**Your goal:** In the data below, one line contains "PS20 solare termico" and a later one contains "Young Matt Damon". Print both, with every line between them, exactly and alone.

:: Supplied information ::

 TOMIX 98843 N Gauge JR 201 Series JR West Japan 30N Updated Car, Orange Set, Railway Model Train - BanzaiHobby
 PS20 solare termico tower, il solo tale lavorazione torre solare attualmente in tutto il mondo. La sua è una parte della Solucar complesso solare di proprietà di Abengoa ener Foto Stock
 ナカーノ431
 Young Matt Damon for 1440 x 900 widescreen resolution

:::
:: Supplied information ::

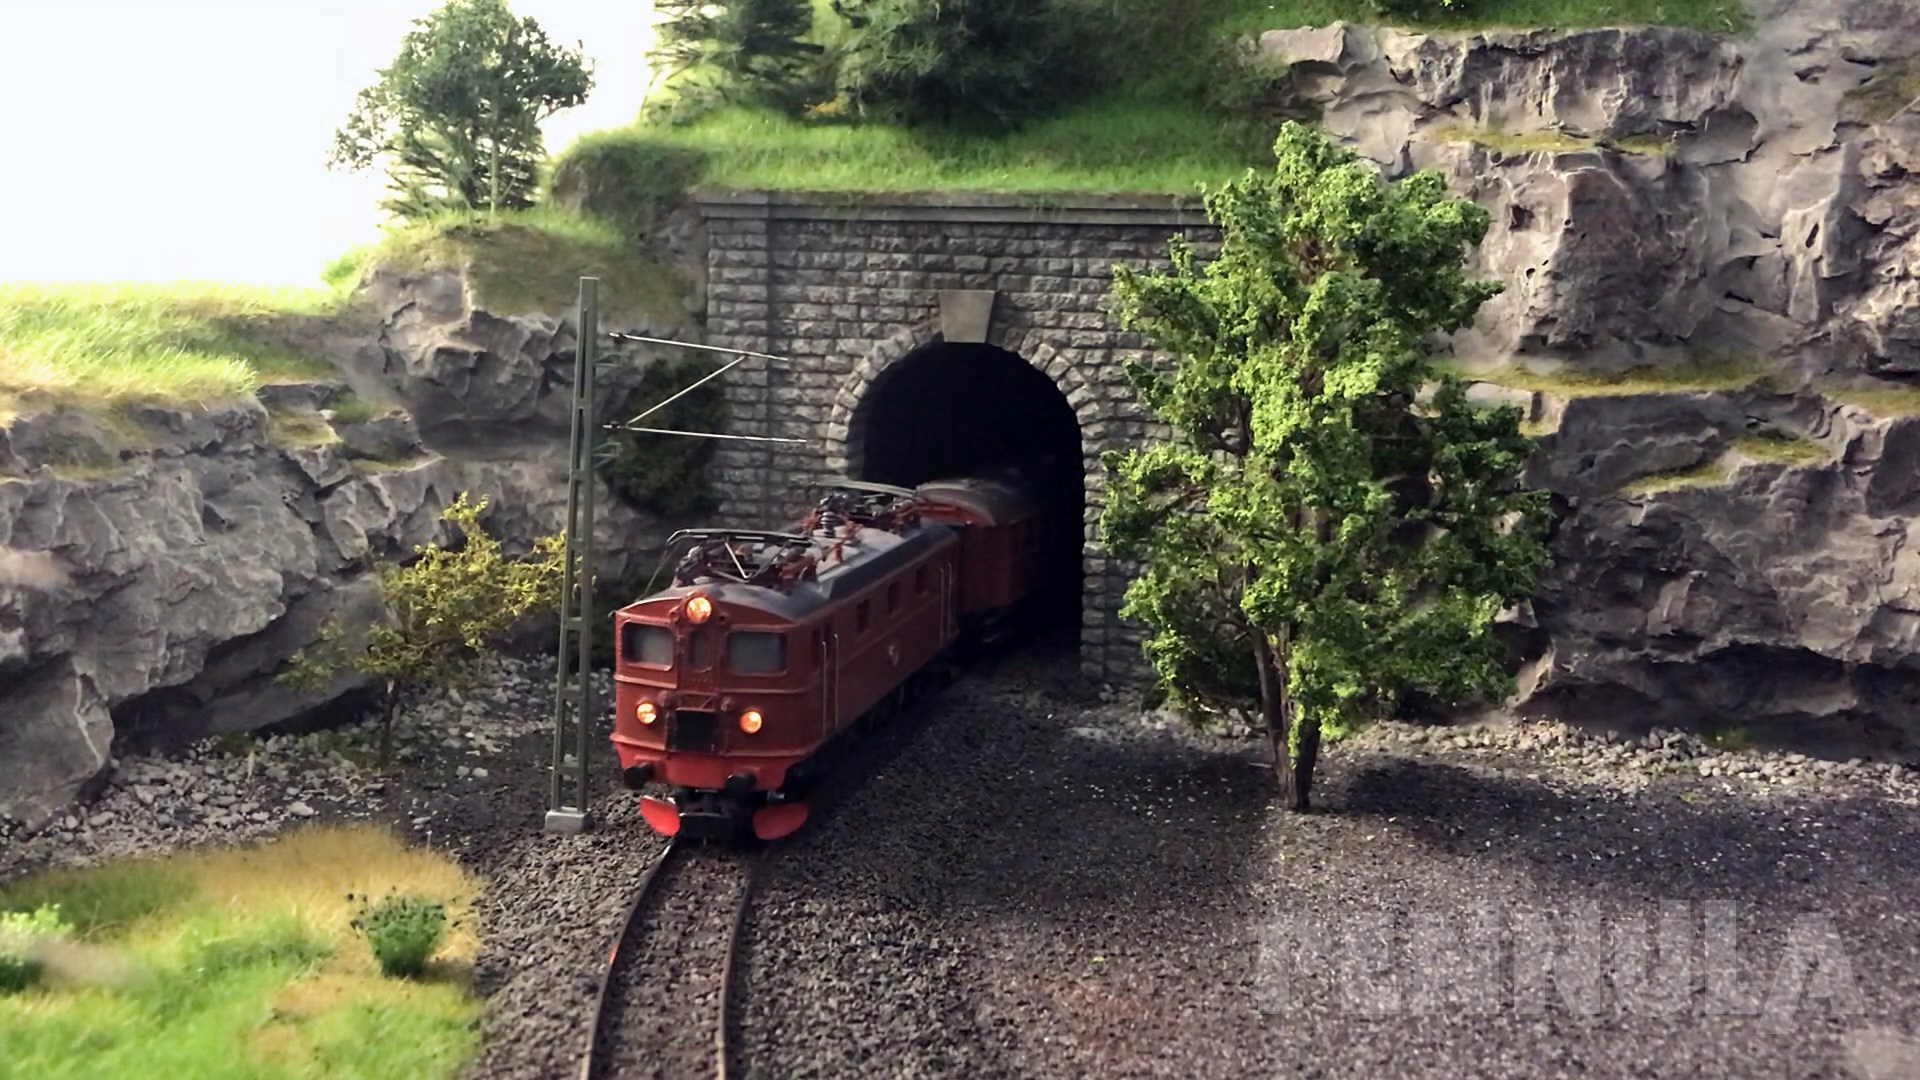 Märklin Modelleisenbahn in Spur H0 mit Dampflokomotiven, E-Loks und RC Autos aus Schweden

:::

**Solution to this exercise:**
 PS20 solare termico tower, il solo tale lavorazione torre solare attualmente in tutto il mondo. La sua è una parte della Solucar complesso solare di proprietà di Abengoa ener Foto Stock
 ナカーノ431
 Young Matt Damon for 1440 x 900 widescreen resolution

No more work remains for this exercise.